While organizers said they shared their agenda with the SAO as they planned the event-which they said was meant to commemorate the feast of Saint Joseph the Worker and include students, staff and faculty members - sophomore CLAP member Michael Angulo said the office called him 30 minutes before the scheduled kickoff to tell him there were problems with the "lack of transparency" in these conversations.

CLAP organizers said their application to Student Activities stated the event would celebrate the contribution of campus workers in conjunction with the feast of Saint Joseph, which typically occurs on May 1. SAO Assistant Director Amy Geist, however, said that when her office discovered some of the event's details Tuesday, she was concerned the celebration could become a workers' rights' protest.

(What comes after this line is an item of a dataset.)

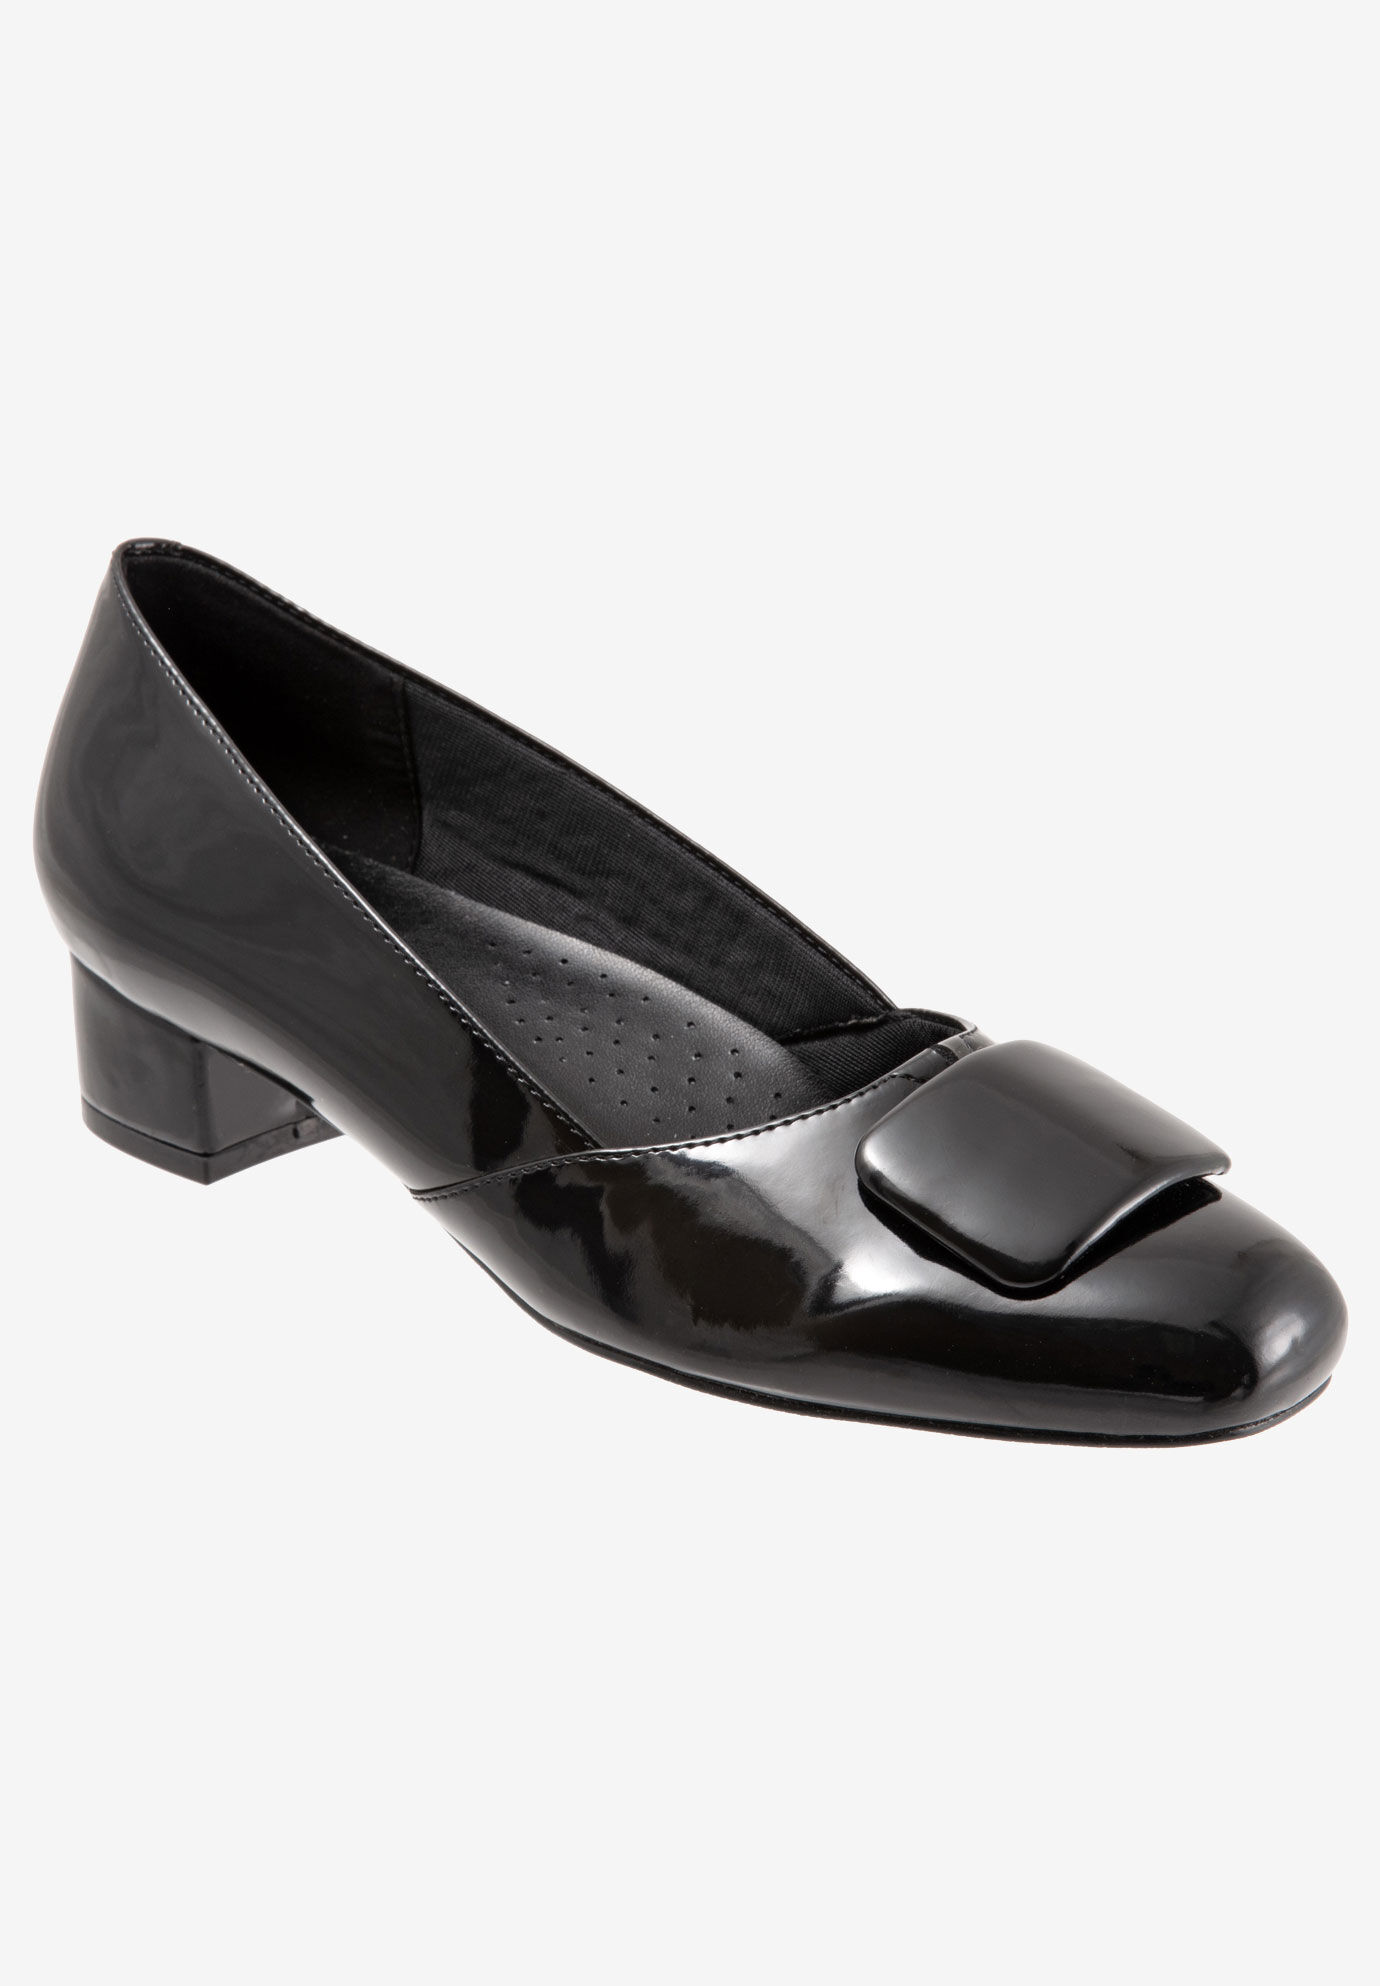 Extra Wide Width Women's Delse Pump by Trotters in Black Patent (Size 7 WW)

"Peace Fellowship approached me about plans for a social celebratory program," Geist said. "When it became apparent that the events of the day were more demonstration-like in nature, further discussions were had with the officers of Peace Fellowship."

She said when it became clear the group had not taken the required steps to register a demonstration on campus, the SAO asked the CLAP and Peace Fellowship officers to "return the event to its originally proposed nature - that of a celebration of workers."

So the event went on - though not quite as planned.

"The main difference was that professors did not speak, that there was no opening prayer, that students from Campus Ministry and Right to Life did not speak, and they had prepared a statement saying economic justice is a life issue that we need to think about," Angulo said. "And all of the other [participants] were informed that it was no longer an SAO event, so it was simply them speaking their minds about the issues on their mind. More freedom with less security."